Lodowiec podrygujący na wodzie
Lodowiec Szelfowy Rossa jest olbrzymem o powierzchni 0,5 mln km2 i grubości od 800 m. Stanowi przedłużenie lądolodu antarktycznego, a zasilają go spływające z lądu wielkie strumienie lodu. Najwięcej lodu pochodzi z zachodniej części kontynentu, najwrażliwszej na wahania temperatury globalnej. Zachodnia Antarktyda znikała wielokrotnie w ciągu ostatnich milionów lat (a wcześniej nie było jej wcale). Jeśli więc znów miałaby ulec klimatowi, to jedną z pierwszych oznak powinno być przyspieszenie transportu lodu z wnętrza Białego Lądu.
Strumieni lodowych zasilających Lodowiec Szelfowy Rossa jest ok. 12, ale pod szczególnym nadzorem znajduje się najpotężniejszy z nich – Whillans Ice Stream – o szerokości 50 km i długości 500 km.

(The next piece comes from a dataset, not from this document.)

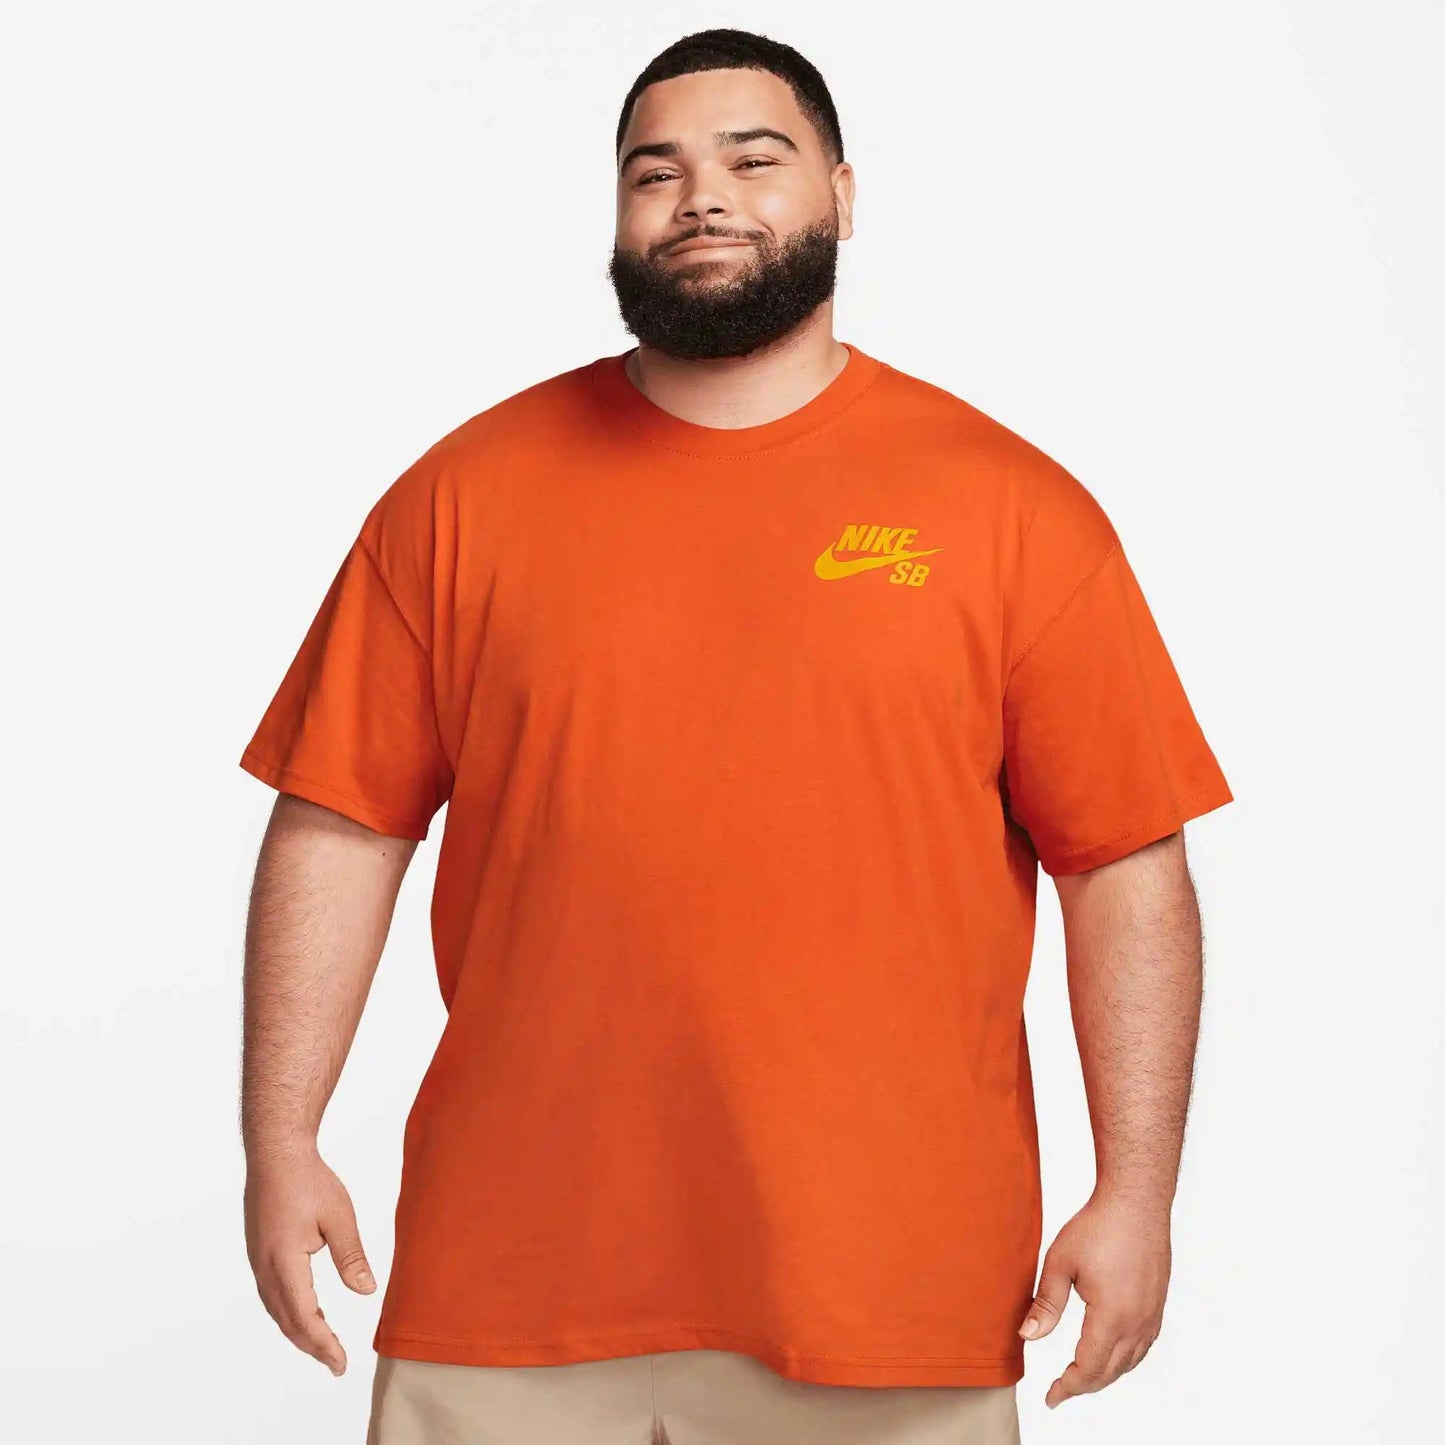 Nike SB Logo Skate T-Shirt, campfire orange - Tiki Room Skateboards - 5
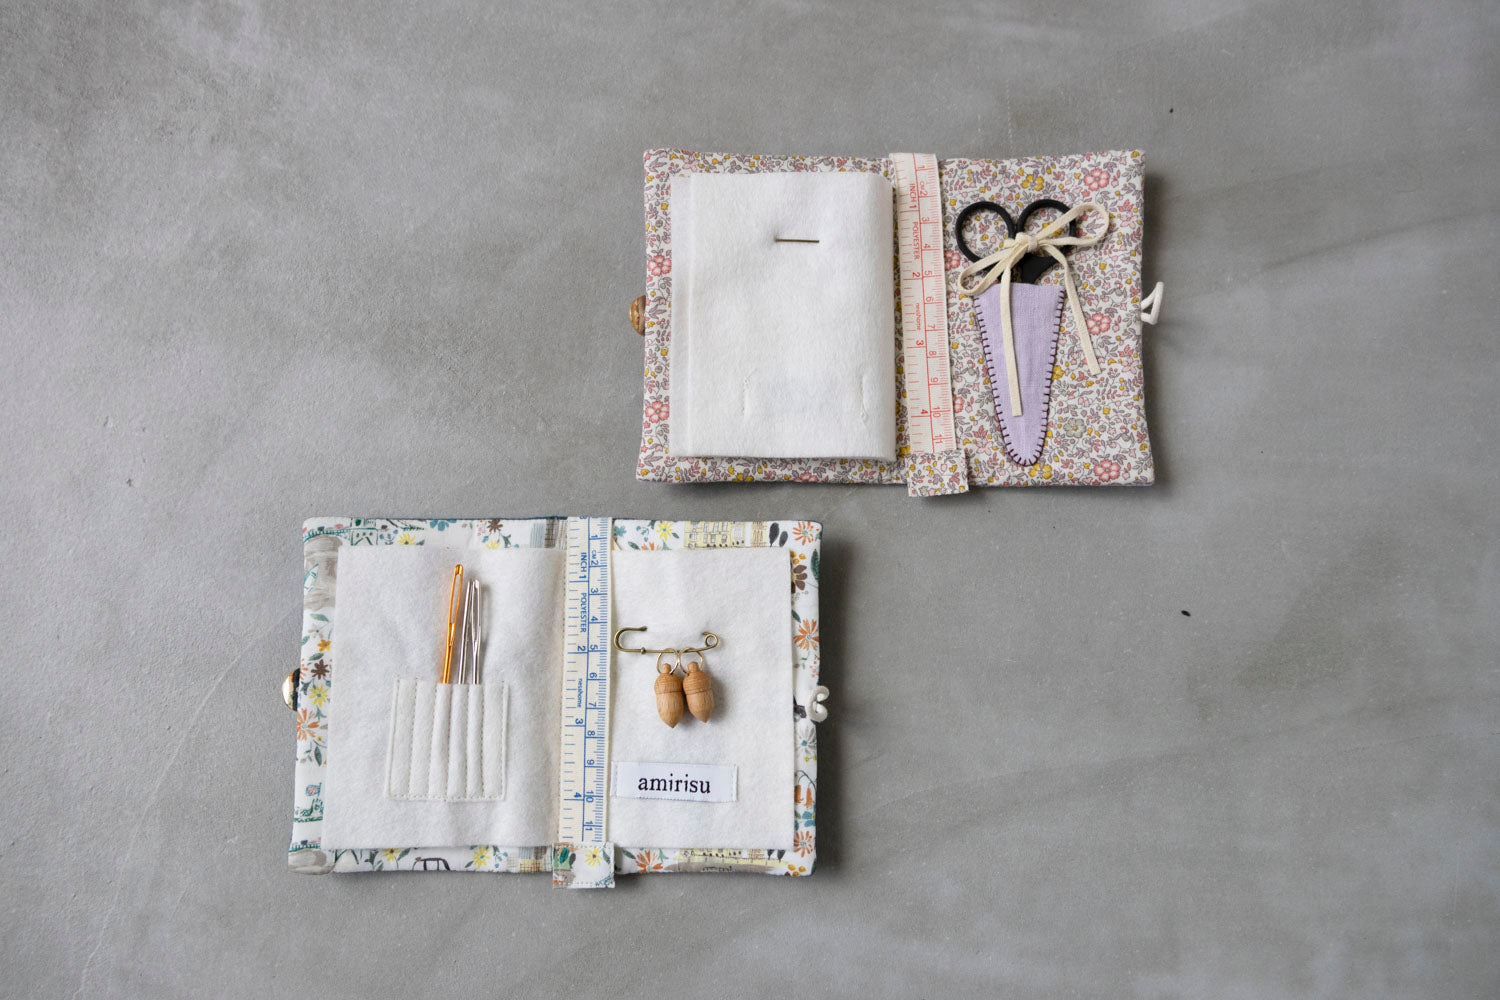 Sewing Tool Box – amirisu kurumi

Jak twierdzą autorzy najnowszej publikacji w „Geophysical Research Letters”, odpowiada on za to, że raz, dwa razy na dobę cały unoszący się na wodzie lodowiec przesuwa się o 6–8 cm. Trwa to kilka minut. Nie da się tego przesunięcia wykryć bez sejsmometrów. Dla ludzi jest ono nieodczuwalne.
Strumień Lodowy Whillans porusza tak wielką masą lodu, ponieważ sam się przemieszcza. Wykonuje krok o długości ok. 40 cm. Generuje wówczas silną falę sejsmiczną, przypominającą trzęsienie ziemi. O tym akurat było wiadomo od jakiegoś czasu, ale reakcję lodowca szelfowego odkryto dopiero teraz. Za regularność zjawiska prawdopodobnie odpowiada woda pod strumieniem lodowym, która na zmianę pojawia się i znika. To przejaw aktywności lodu.